» Task inputs:

+--

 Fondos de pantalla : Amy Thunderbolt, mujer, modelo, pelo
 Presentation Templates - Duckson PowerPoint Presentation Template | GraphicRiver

+--

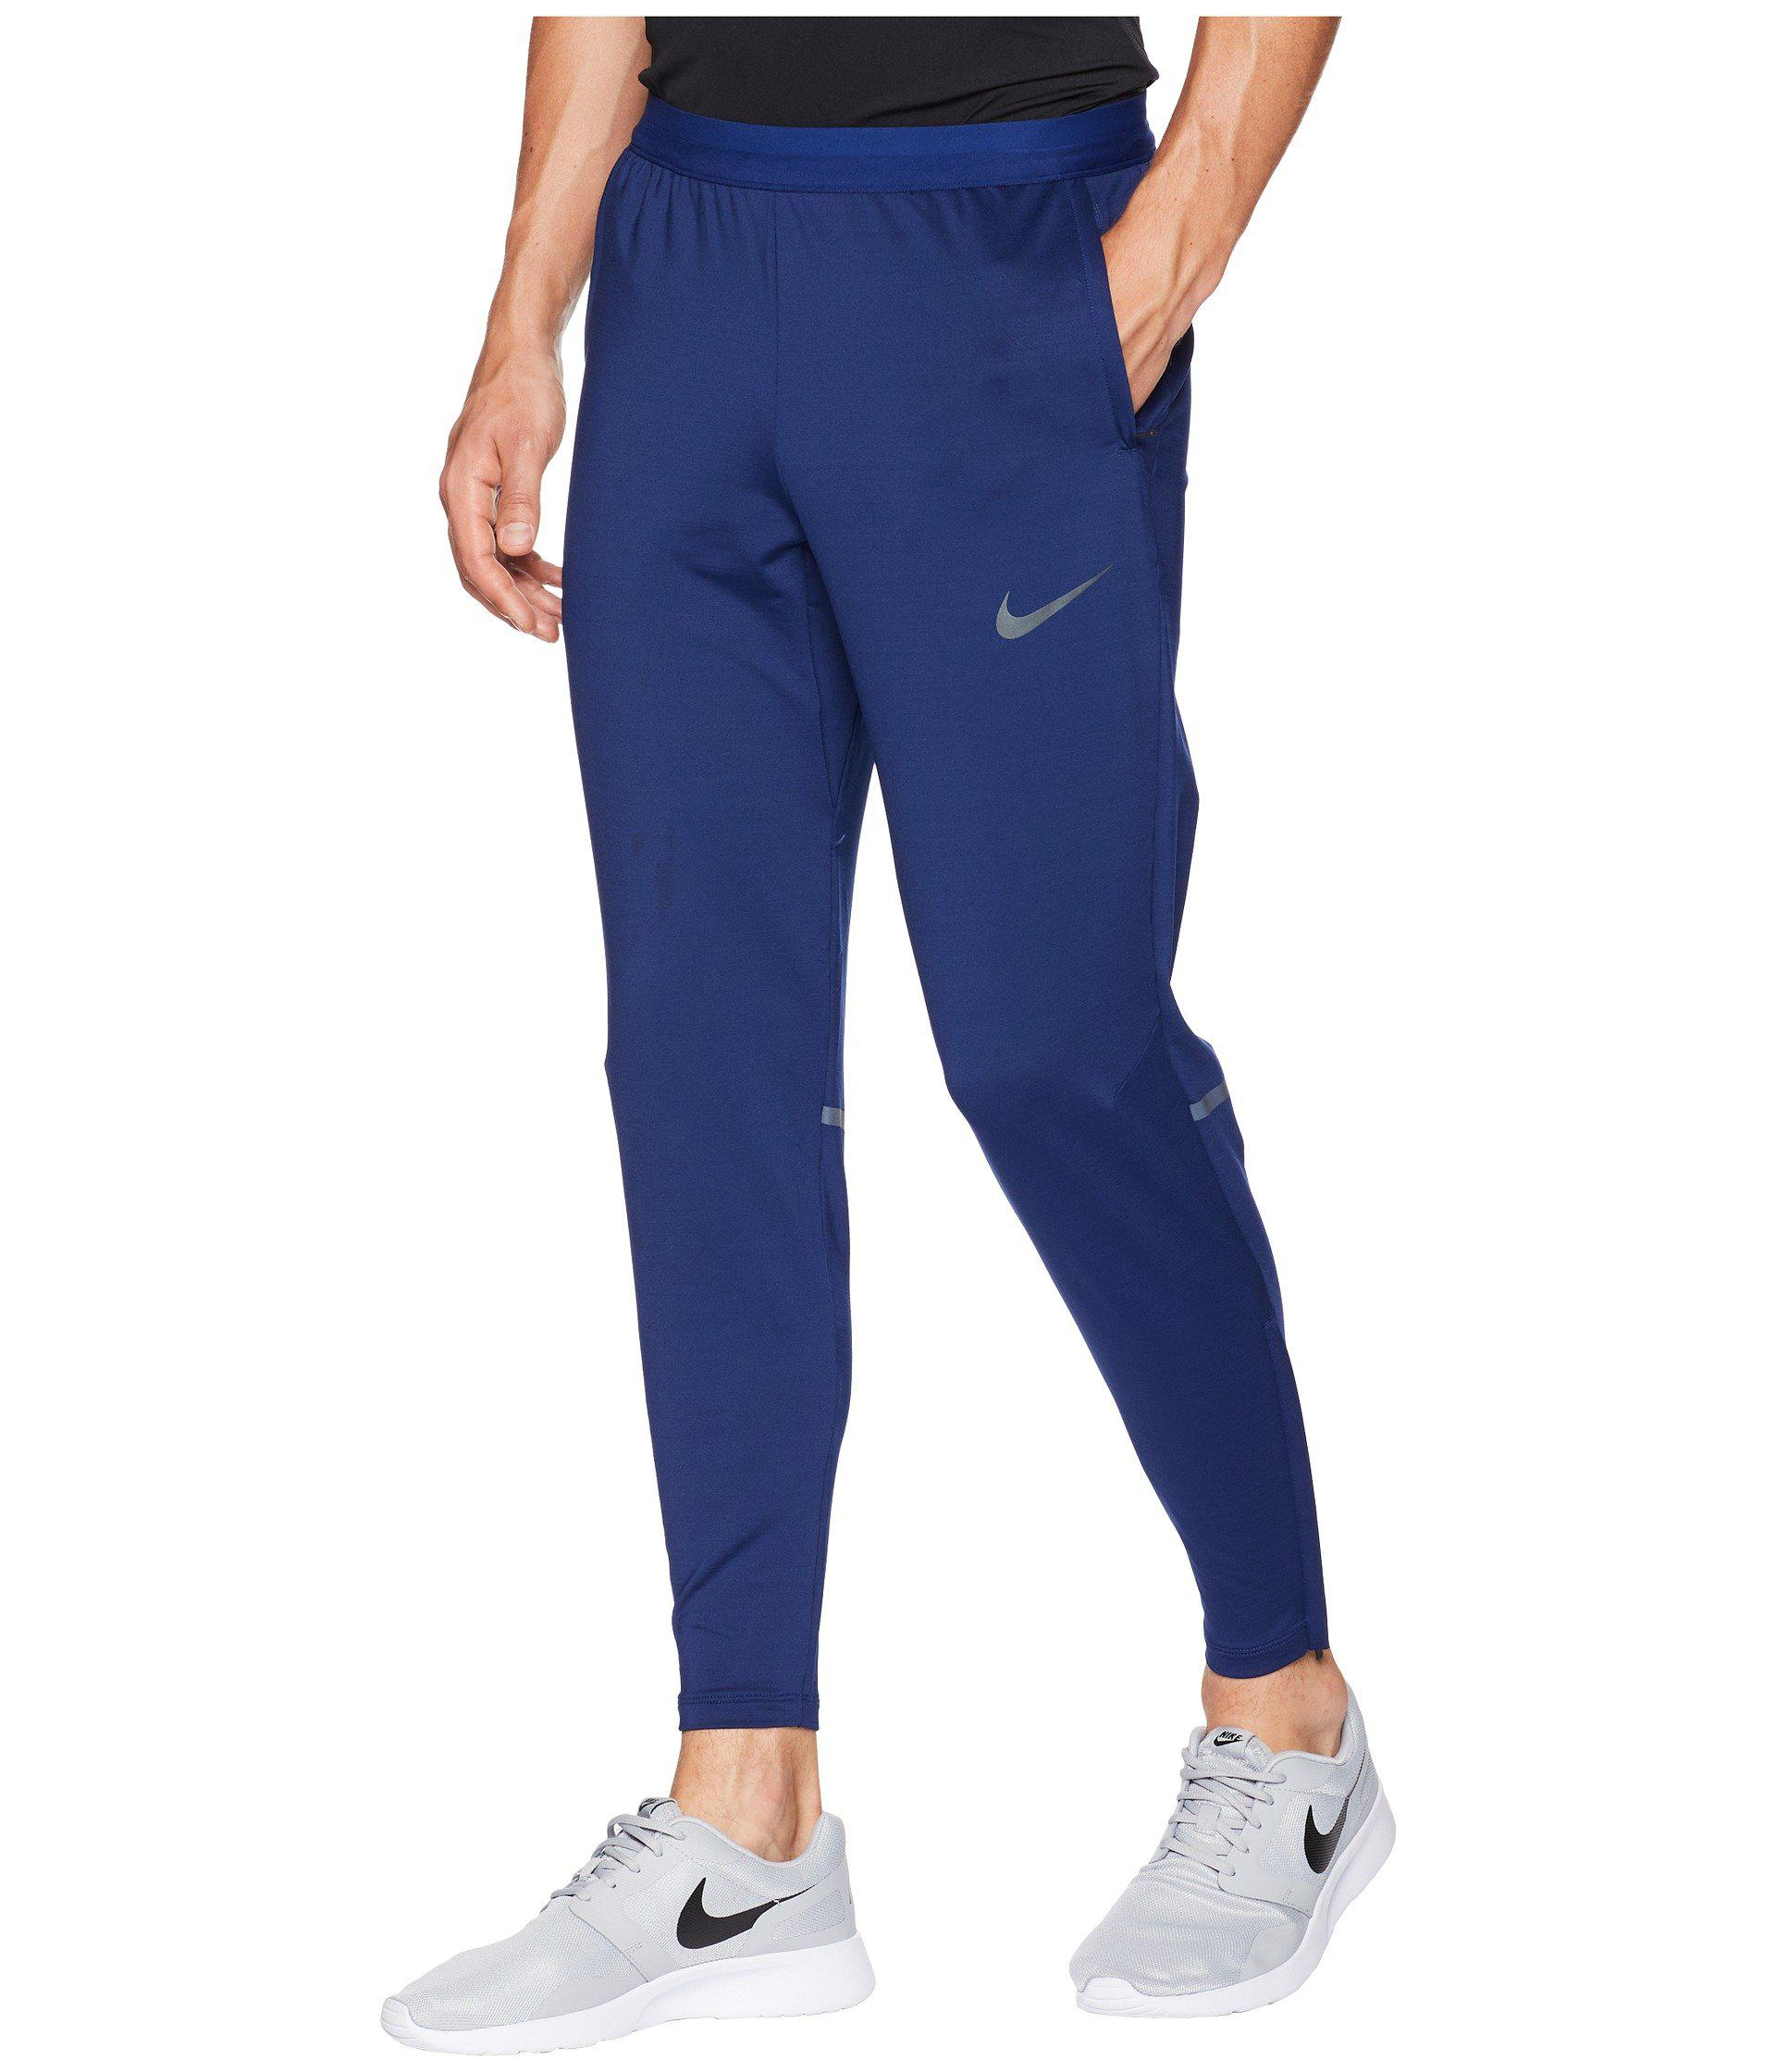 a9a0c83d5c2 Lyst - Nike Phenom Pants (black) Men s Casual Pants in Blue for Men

+--

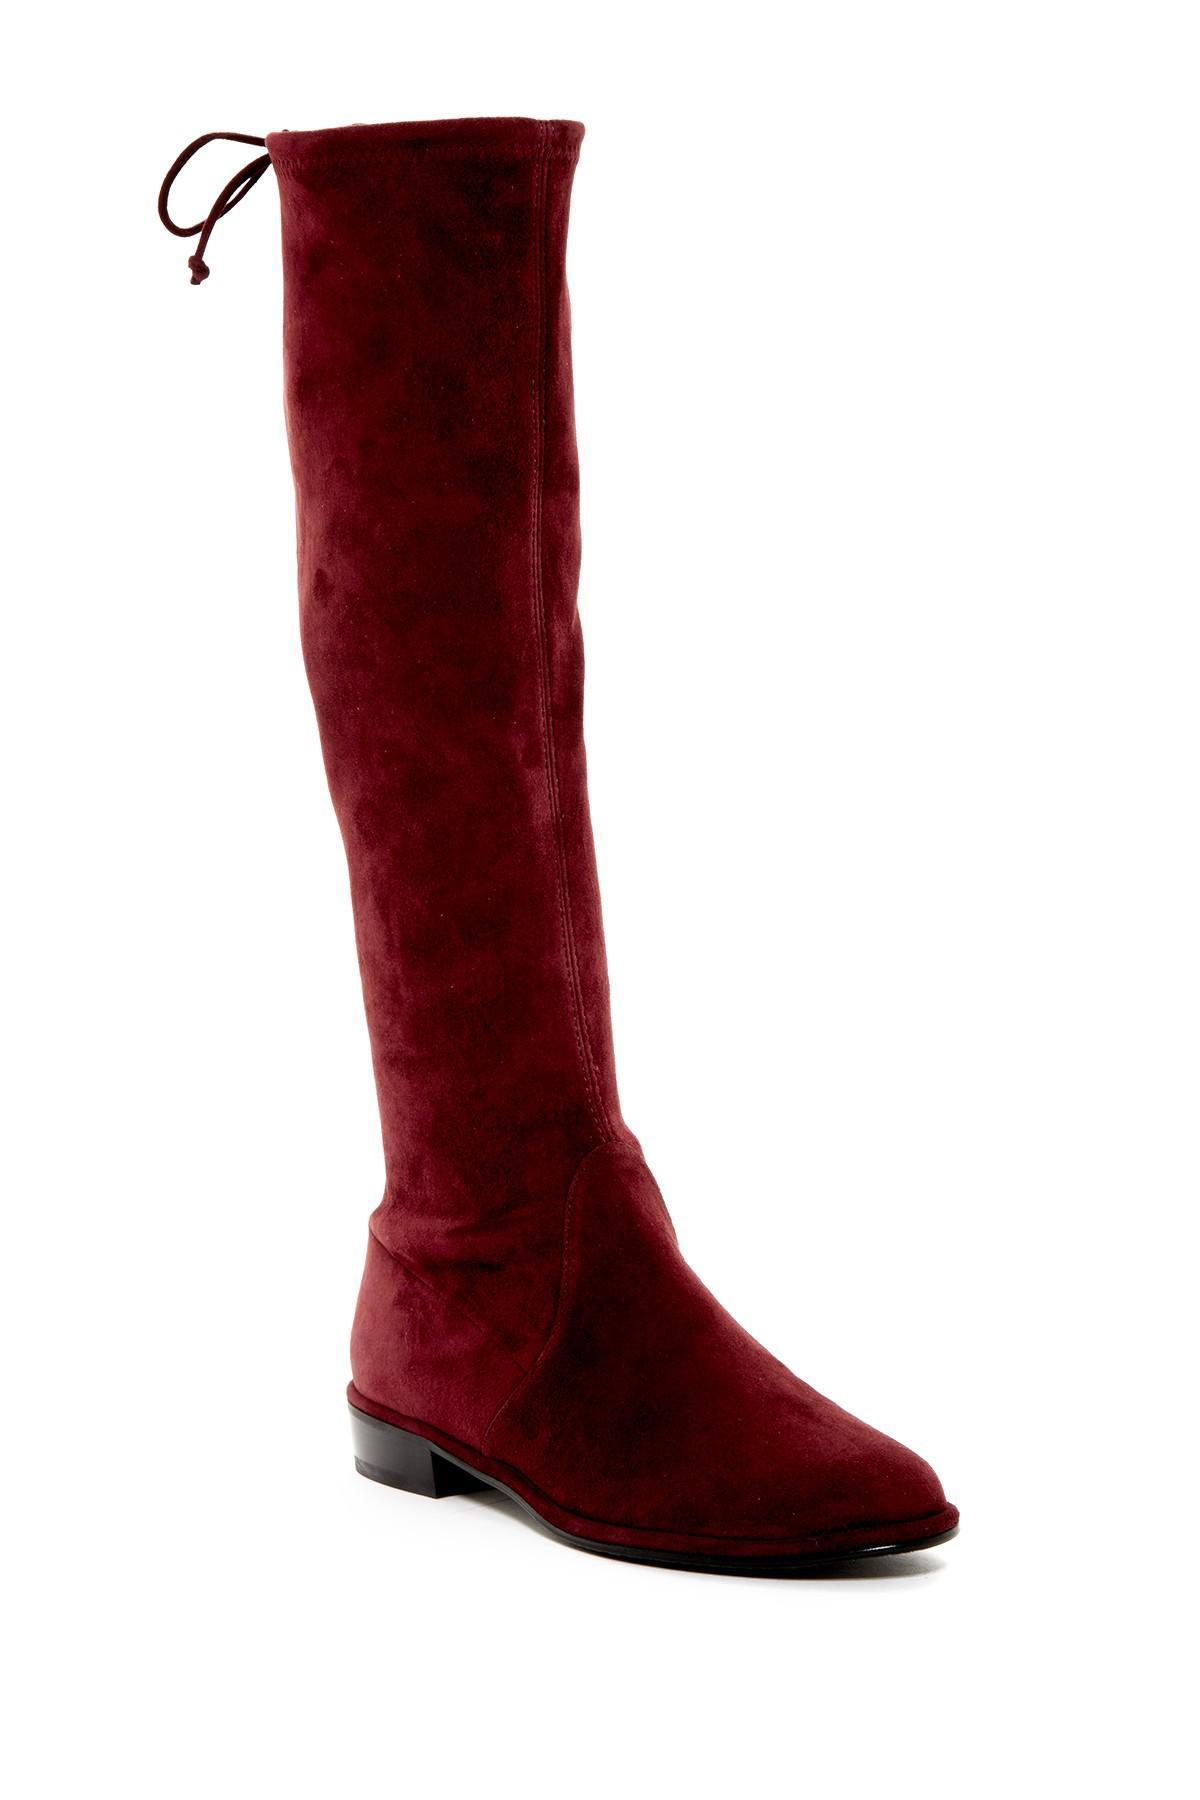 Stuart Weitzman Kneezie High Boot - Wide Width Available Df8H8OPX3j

+--

» Task brief: Since only part of the listing is wanted, copy exactly the lines from the one holding "Fondos de pantalla" to the one holding "Presentation Templates - Duckson", both included.

» Result of this task:
 Fondos de pantalla : Amy Thunderbolt, mujer, modelo, pelo
 Presentation Templates - Duckson PowerPoint Presentation Template | GraphicRiver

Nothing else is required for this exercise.